**Exercise**
Line by line, transcribe the data below exactly and pass over the images.

**Dataset extract**
BEGIN
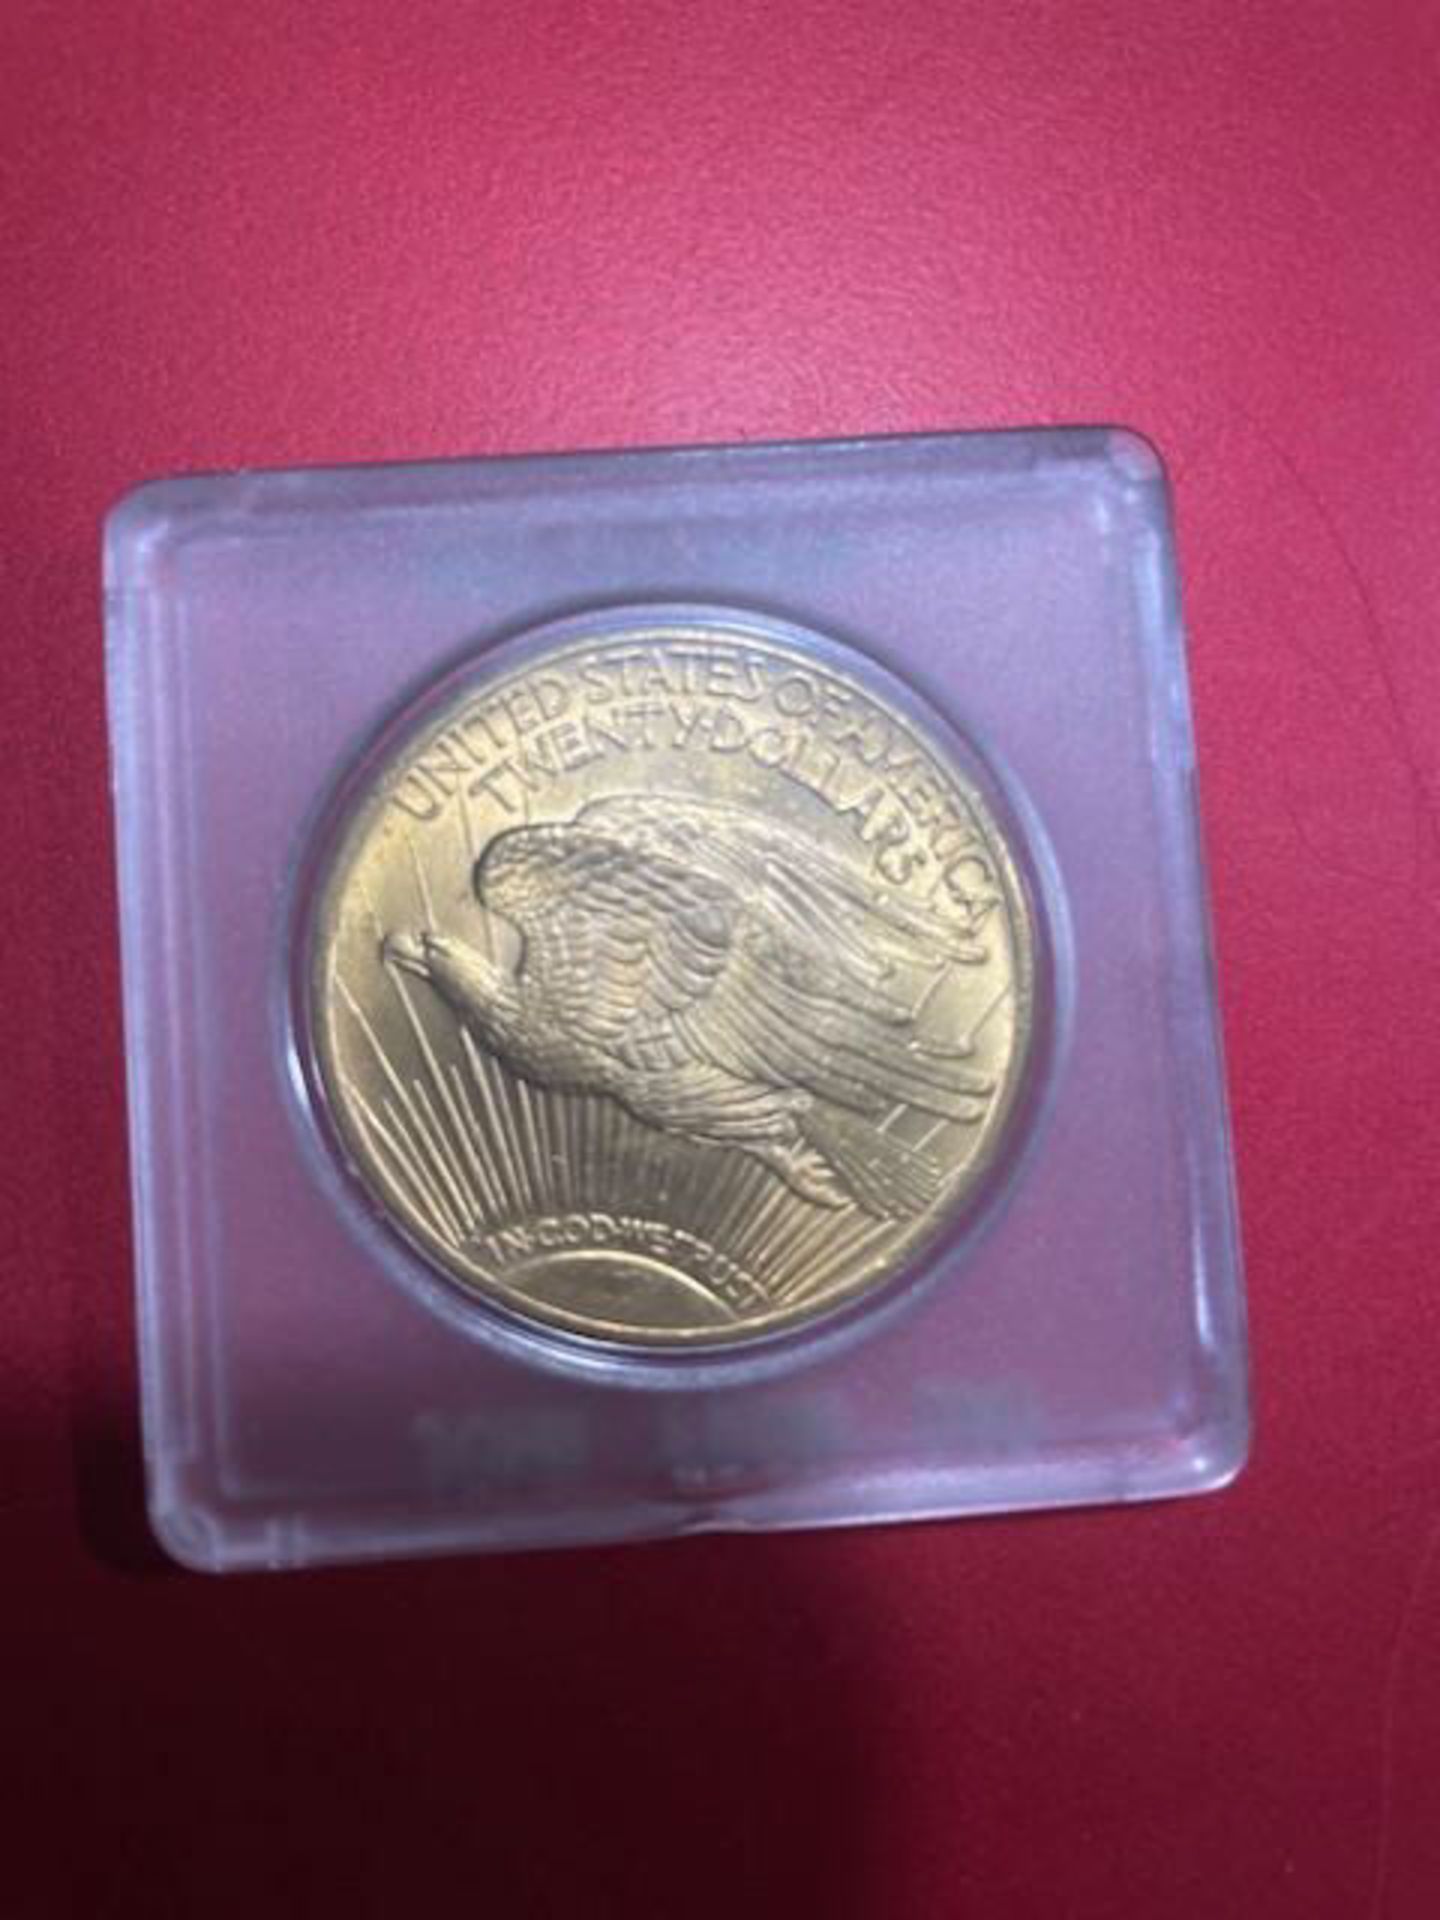 1928 St. Gaudens Double Eagle $20 Gold Coin - Image 12 of 12
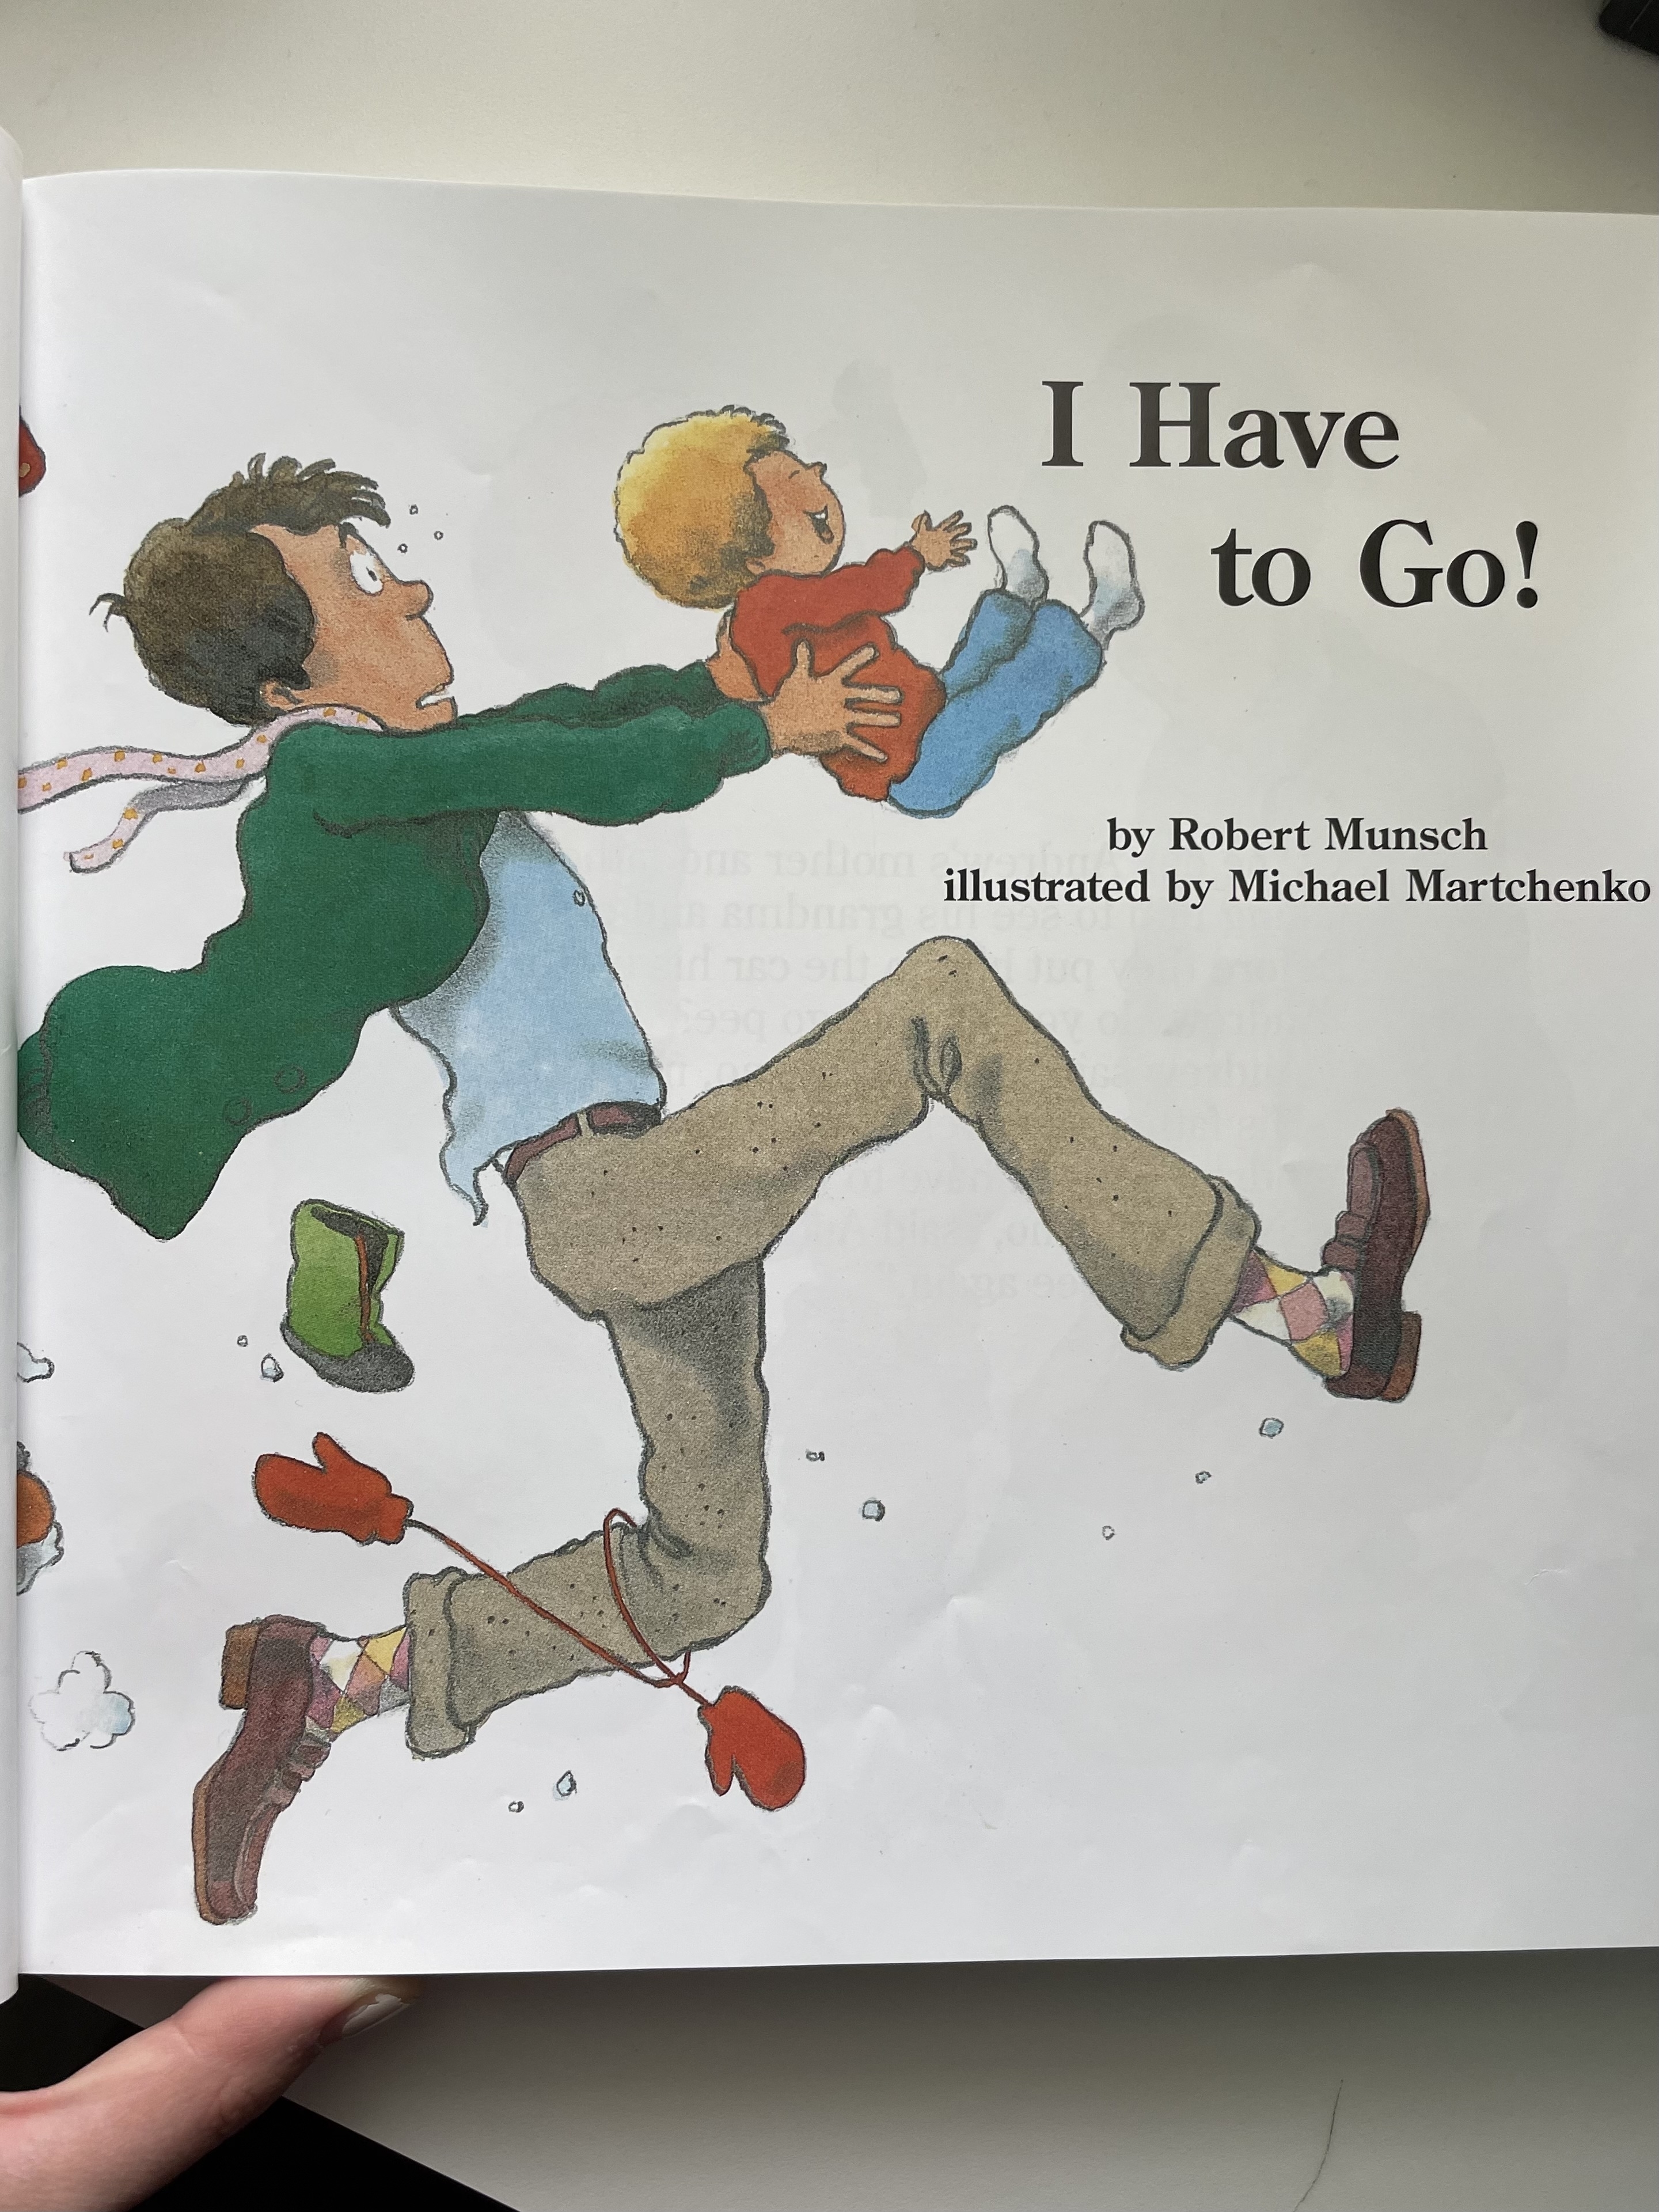 Open book showing illustrated page with title &quot;I Have to Go!&quot; and text &quot;illustrated by Michael Martchenko&quot; with two children characters
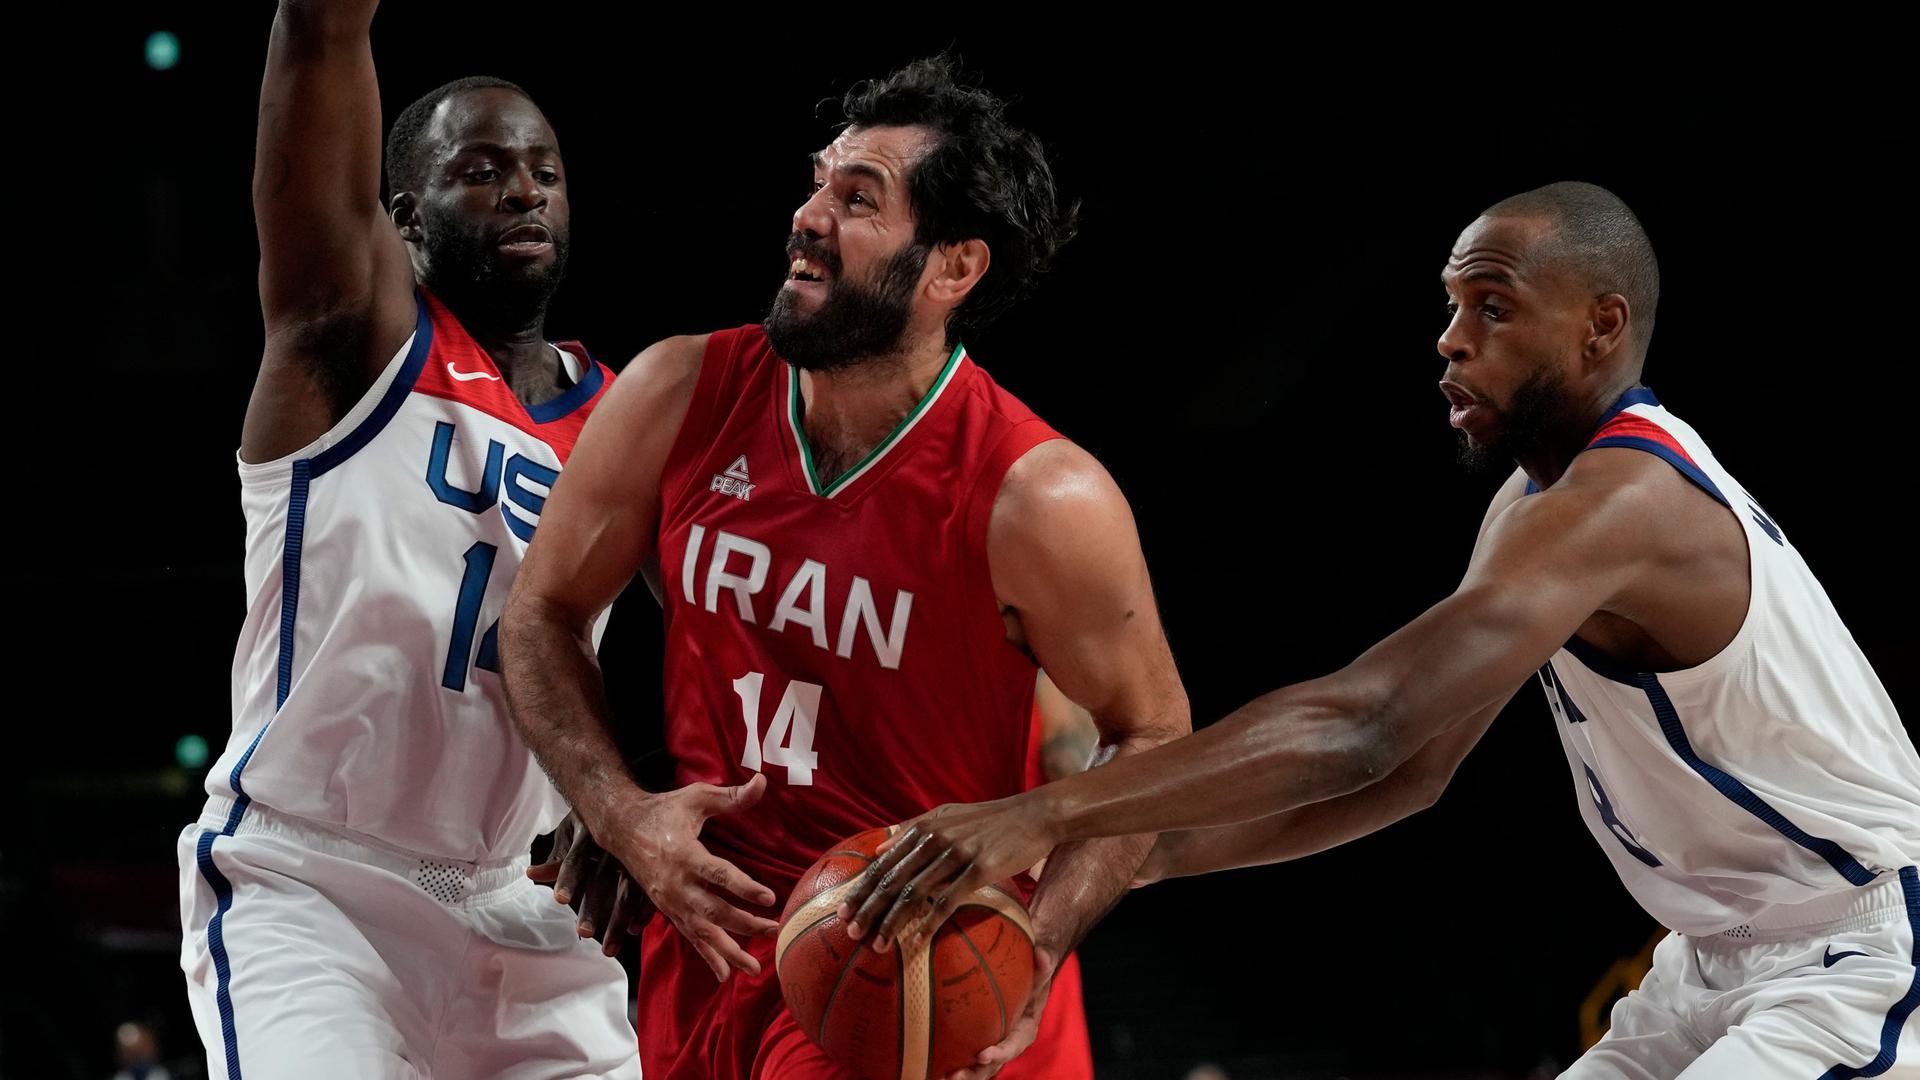 Two basketball players dressed in white US uniforms are shown on either side of a player wearing a red Iranian uniform.
END
**Result below**
 1928 St. Gaudens Double Eagle $20 Gold Coin - Image 12 of 12
 Open book showing illustrated page with title &quot;I Have to Go!&quot; and text &quot;illustrated by Michael Martchenko&quot; with two children characters
 Two basketball players dressed in white US uniforms are shown on either side of a player wearing a red Iranian uniform.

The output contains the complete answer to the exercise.